Furthermore, your best chance of picking one up is to be the captain of an Ashes-winning side, preferably two and if you pull it off Down Under all bets are off.

As recent history shows us, bowlers need not apply for that job.

But if sportspeople in general and cricketers in particular are to be so honoured, why delay a moment longer a double award for England’s most successful Test bowlers of all time?

There is no doubt that Strauss and Cook earned their knighhoods, for their runs, their leadership and for having to cope with years of you-know-who.

But 500 Test wickets for a bowler, and a pace bowler at that, is something else entirely, an achievement so stratospheric not just because of the level of skill it reflects, but also the sheer bloody hard work and physical, emotional and professional commitment required to get to the top, to stay there and to keep one step ahead of the opposition, the competition and the clock.

There was a case for inviting Anderson to bend the knee five years ago when, in April 2015, his dismissal of Dinesh Ramdin in the first Test against West Indies in Antigua took him past Botham’s 383 to become the highest England Test wicket-taker.

There was an even stronger case a month later when he sent back to the Lord’s pavilion New Zealand’s Martin Guptill, his 400th Test scalp.

Surely the 500th could not go similarly unsung, but he reached the magic number by getting out Kraigg Brathwaite (and what a fabulous coincidence he should also be Broad’s 500th) the best part of three years ago, in September 2017, and still no sound or sight of a royal blade, which makes one wonder just how many more wickets he will need to add to his current total of 589 to be considered worthy of it.

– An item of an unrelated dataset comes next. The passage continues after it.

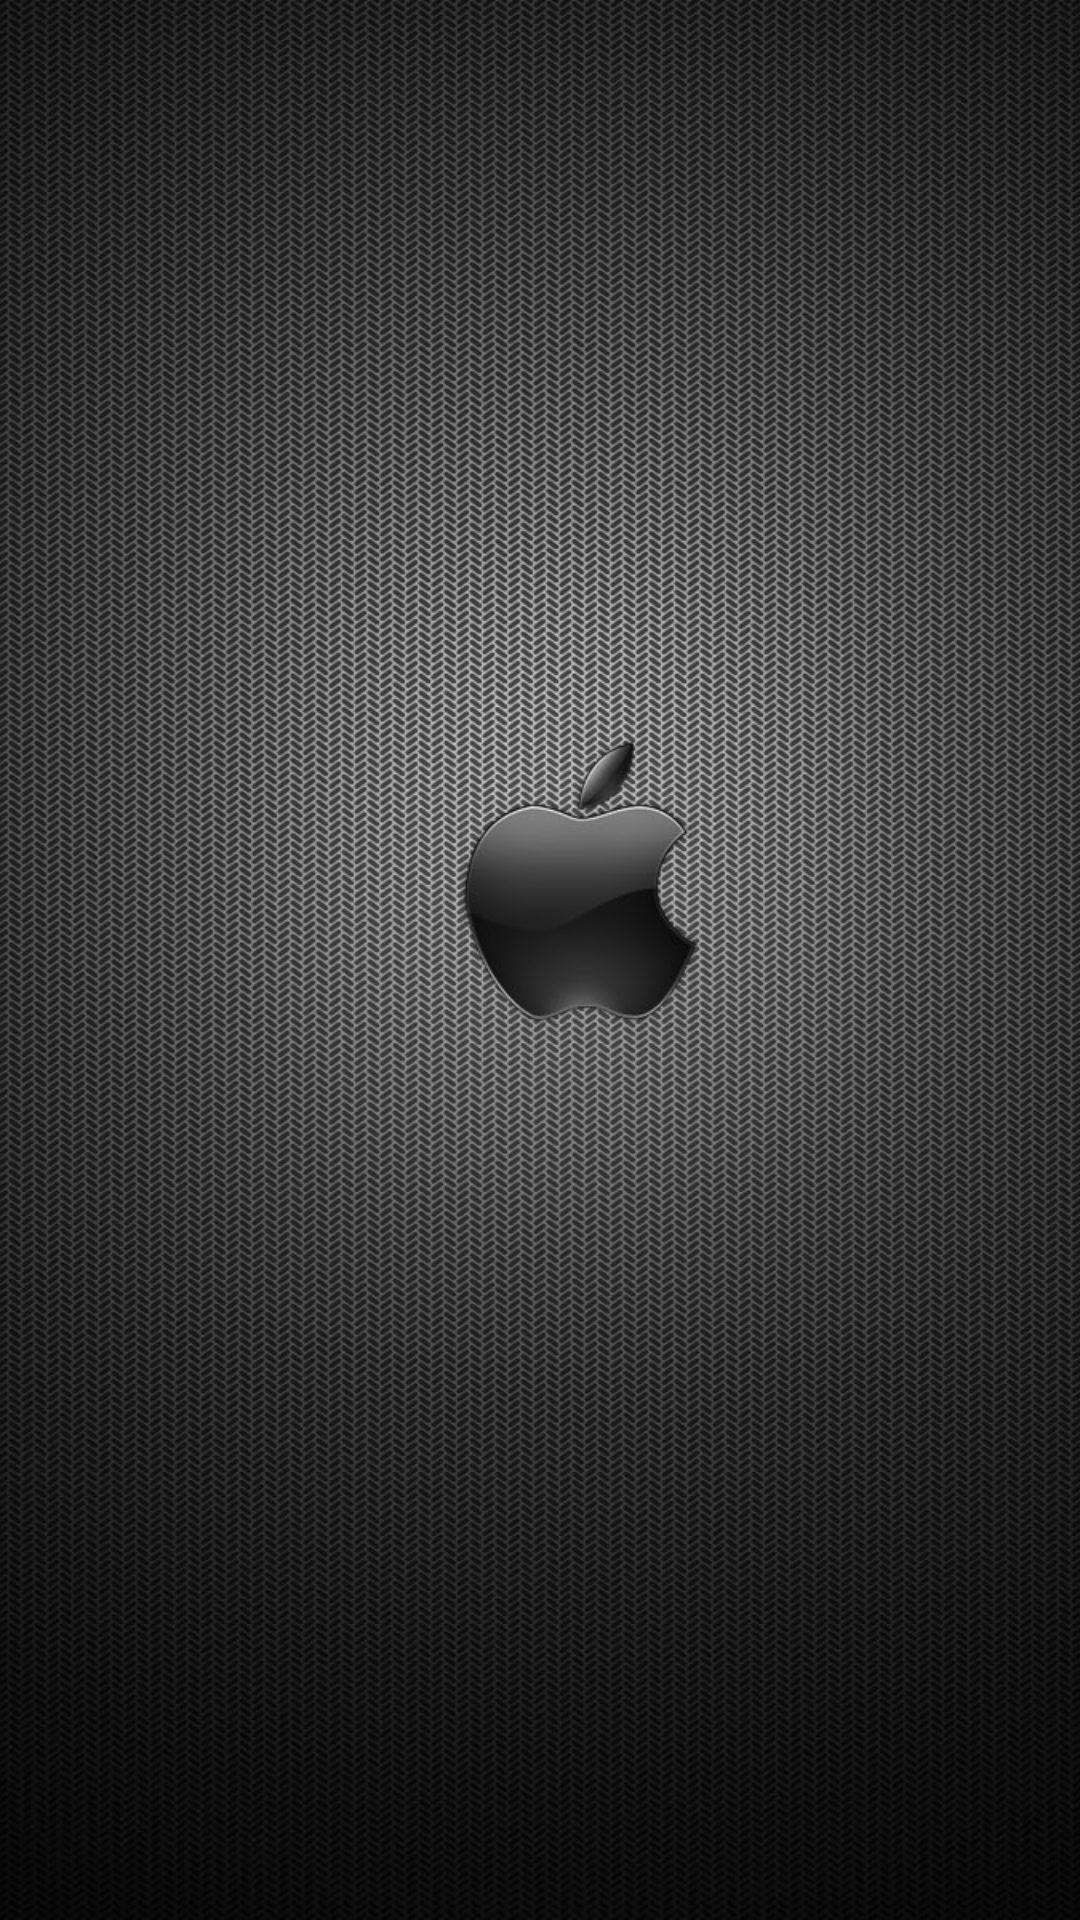 Dark Apple Logo HD Wallpaper. HD Wallpaper Download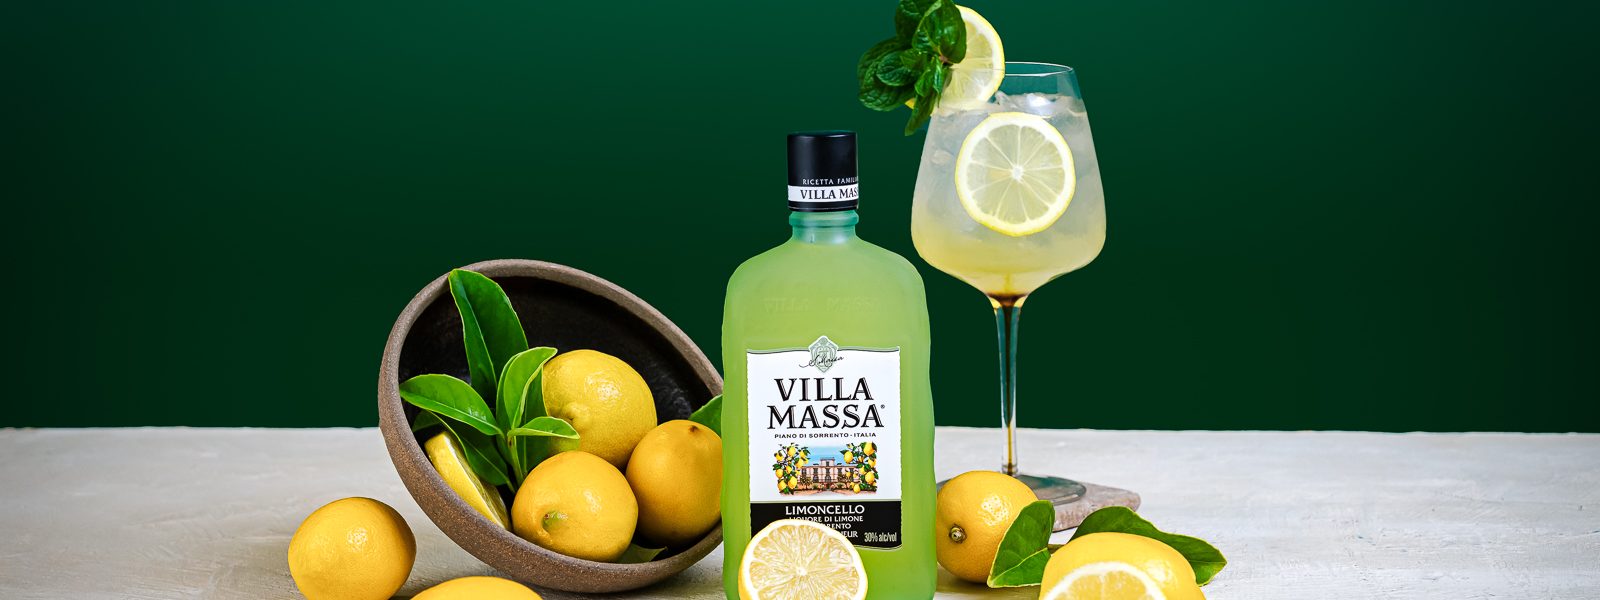 Villa Massa Limoncello Spritz cocktail with Villa Massa Limoncello bottle and lemons

That’s not to say no honours have come his way, of course.

Anderson’s first major non-cricketing plaudit (and arguably his proudest to date) came in December 2011, when the ‘Burnley Express’ was awarded the Freedom of the Borough of Burnley and, in fairness, moving past Lord Beefy’s record did earn him an OBE in the Queen’s Birthday Honours.

And such was the outpouring of national relief in the summer of 2005 when England finally beat Australia for the first time in a million years, he might even have picked up an MBE had Michael Vaughan preferred him to Paul Collingwood to replace the crocked Simon Jones in the final Test at The Oval.

As the Durham man’s contribution to the greatest Ashes series ever played was 17 runs in two innings and one bowling spell of 0 for 17 from four overs, you could see why, the next time they played against each other, on the 2006/07 tour down under, Shane Warne found it impossible to resist asking: “MBE, mate? What’s that stand for? Must Be Embarrassing? ”

Some might say those words ring a bell now, too.

So, with all due respect, ma’am, prove cricket doesn’t have to be a batsman’s game and give knighthoods to James Anderson and Stuart Broad, please.

It’s time to correct the picture. It’s time to bang the gong.